I'm at a loss trying to implement Bayesian model selection for standard least-squares polynomials fits.
I have three polynomials of order $1$, $2$, and $3$, and a sequence of $(x,y)$ data points. After performing least-squares fitting of the three polynomials, I want to select the one with the maximum evidence (marginal likelihood).
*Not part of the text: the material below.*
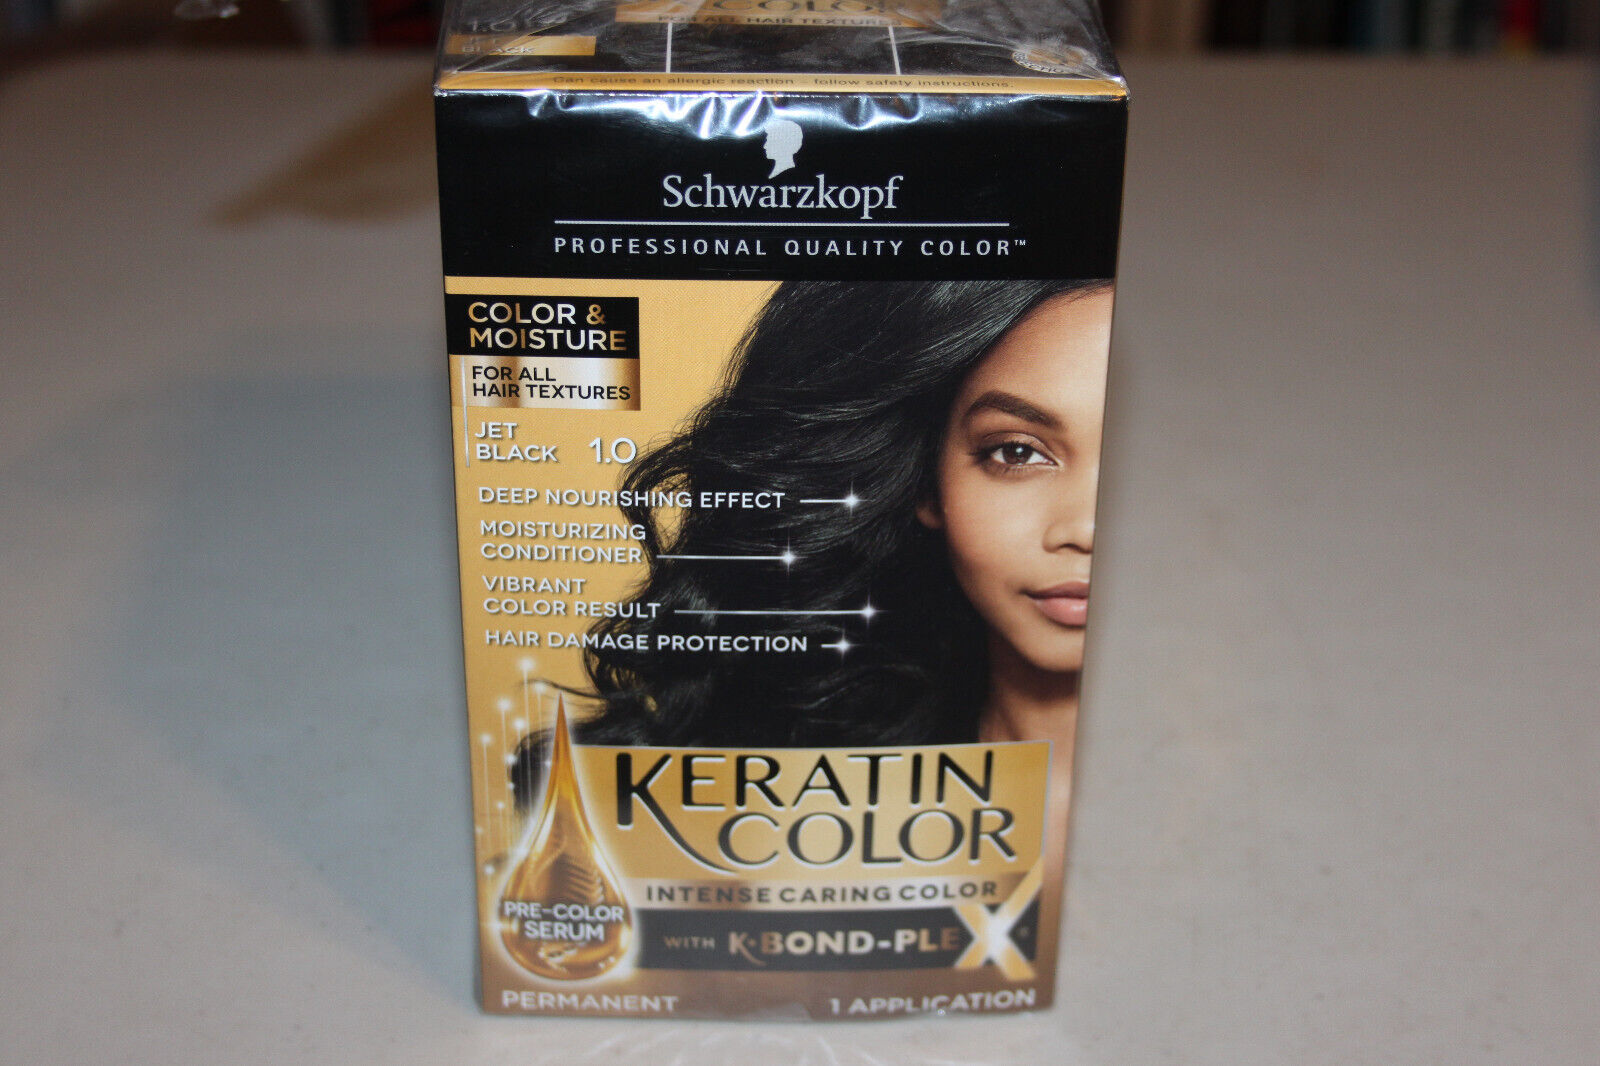 Lot of 3 NEW Keratin Color Hair Color, Jet Black . Schwarzkopf, Level 3  17000193366 | eBay
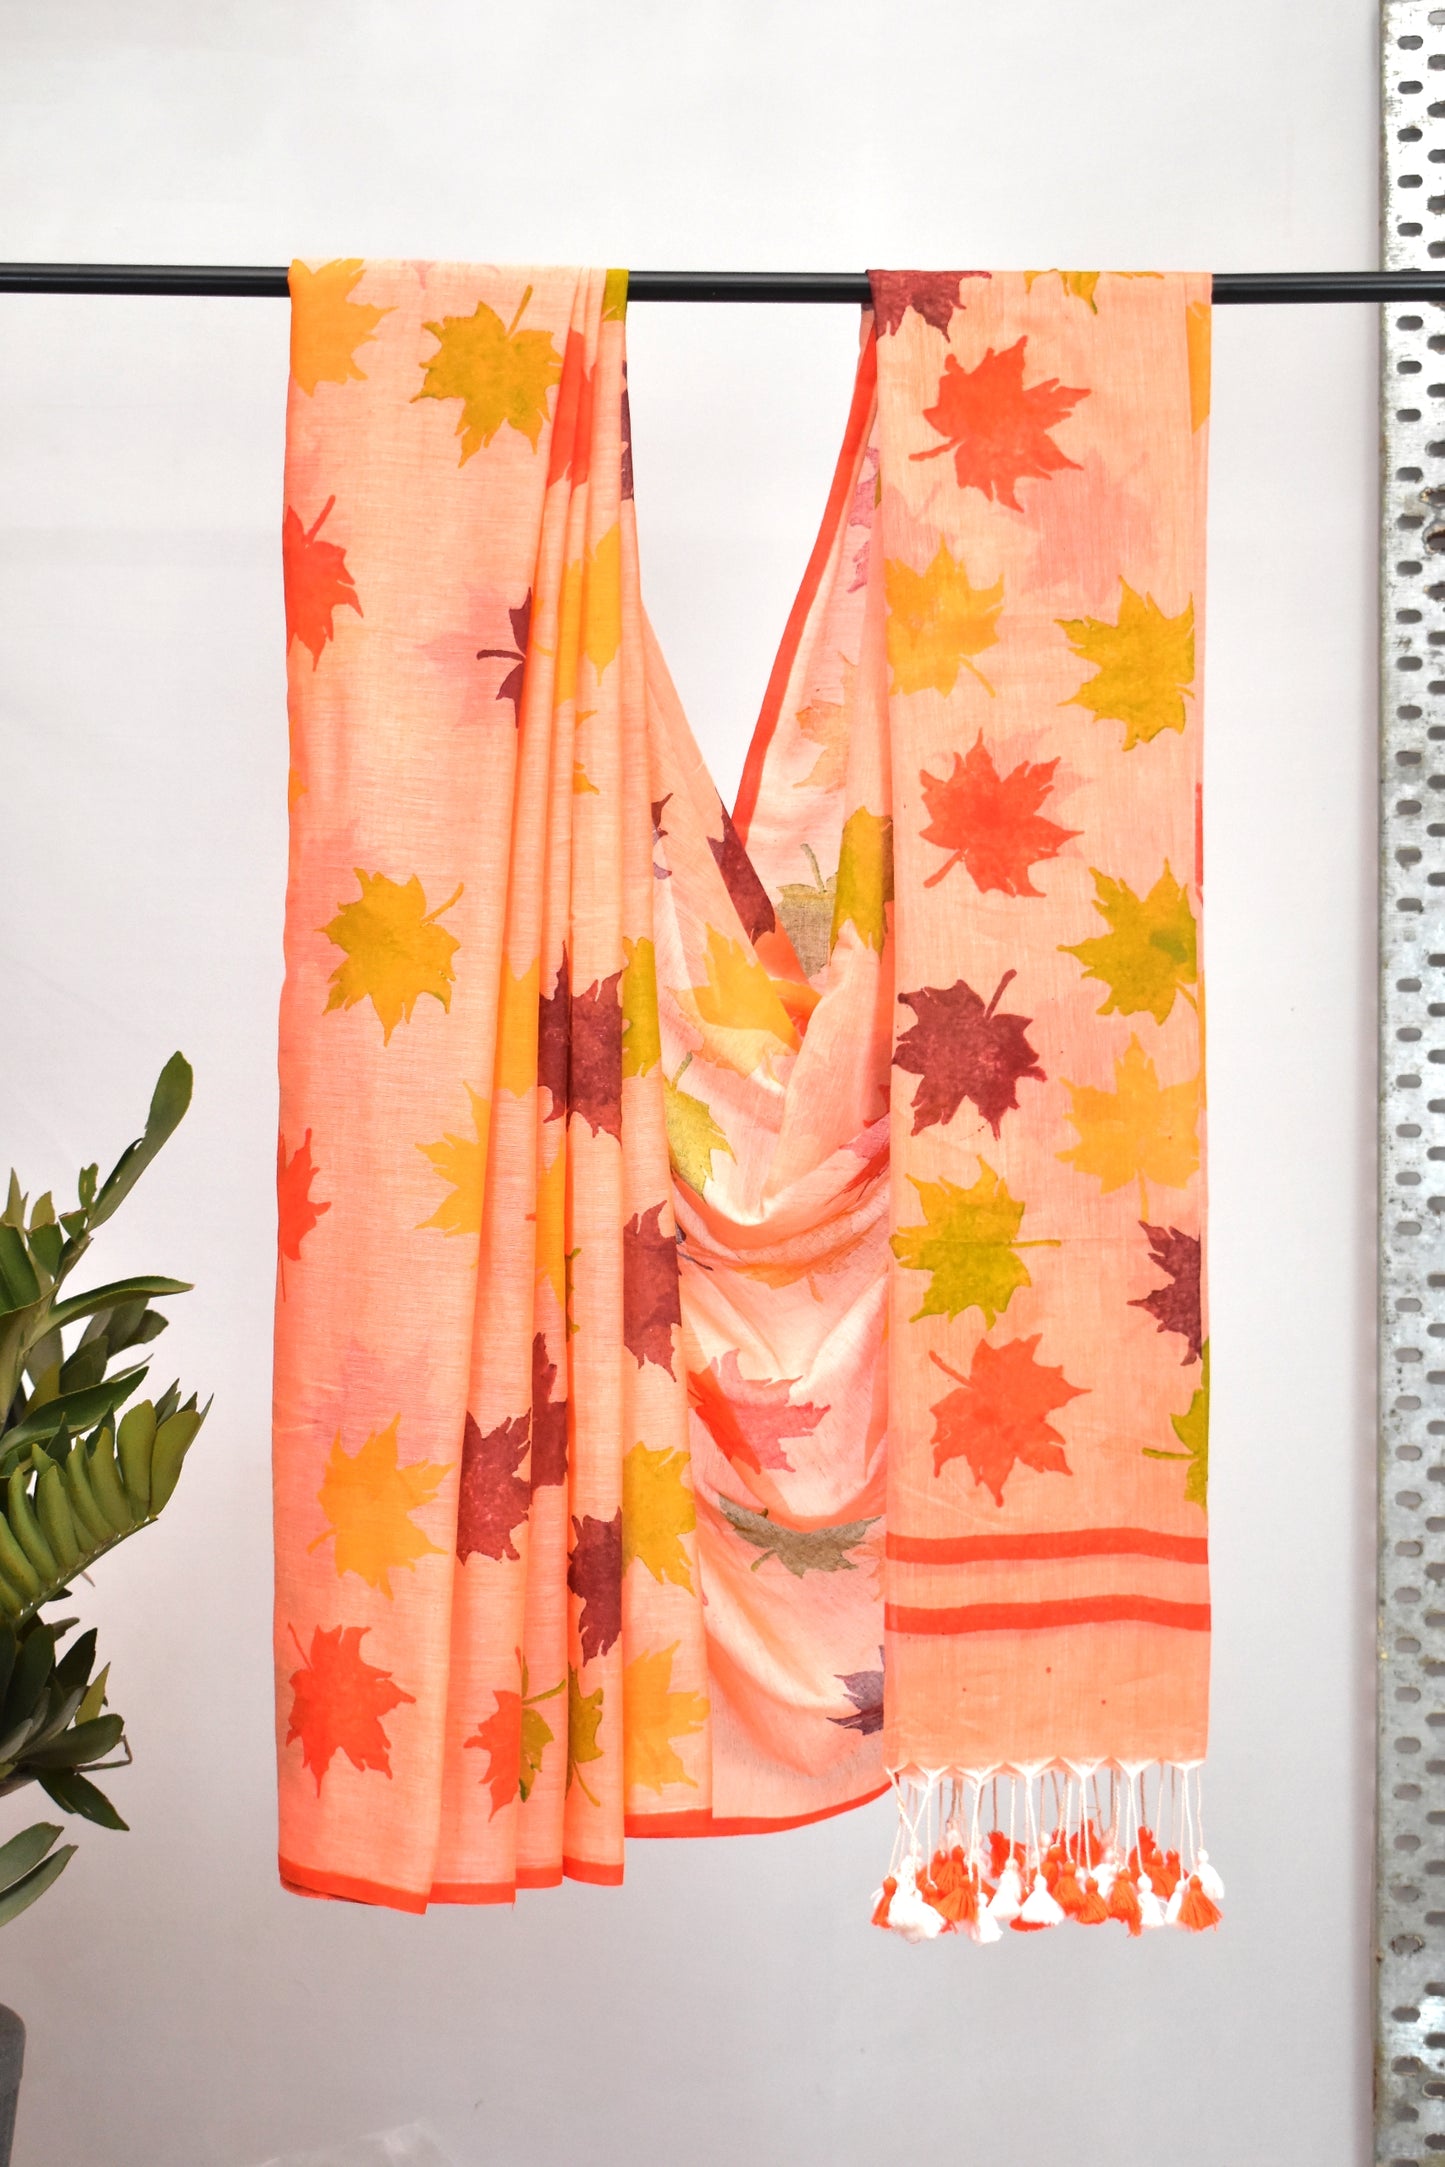 Handloom Soft Cotton Saree with Block Prints & Tassles, Peach, SR1002

Given a model $H_{i\in\{1,2,3\}}$ with parameters $w_i$, a set of inputs $x$ and outputs $y$, I need to compute the evidence $$ p(y\mid x ,H_i) = \int p(y\mid x,w,H_i)p(w\mid H_i) \, \mathrm{d}w $$ For the cubic polynomial $H_3$, w is a 4-element vector $w=[a,b,c,d]$, and $$ H_3 = a + bx + cx^2 + dx^3 $$
So far, so good.
I want my prior $p(w\mid H_i)$ to be as flat as possible, so my plan is to use an improper prior $p(w\mid H_i)=1$. Or do I have to use something more proper, like a Gaussian with a crazy covariance? Because otherwise, the integral would reduce to just the integral of the Gaussian PDF $p(y\mid x,w,H_i)=1$ for all my three $H_i$, wouldn't it?
How do people normally do this thing?
Or perhaps I'm just confused about the form of the integral. $\int p(y\mid x,w,H) \, dy=1$, of course, since it is a probability distribution, but the integral I want is $\int p(y\mid x,w,H)\,dw$.
So my question is: how do I compute that integral?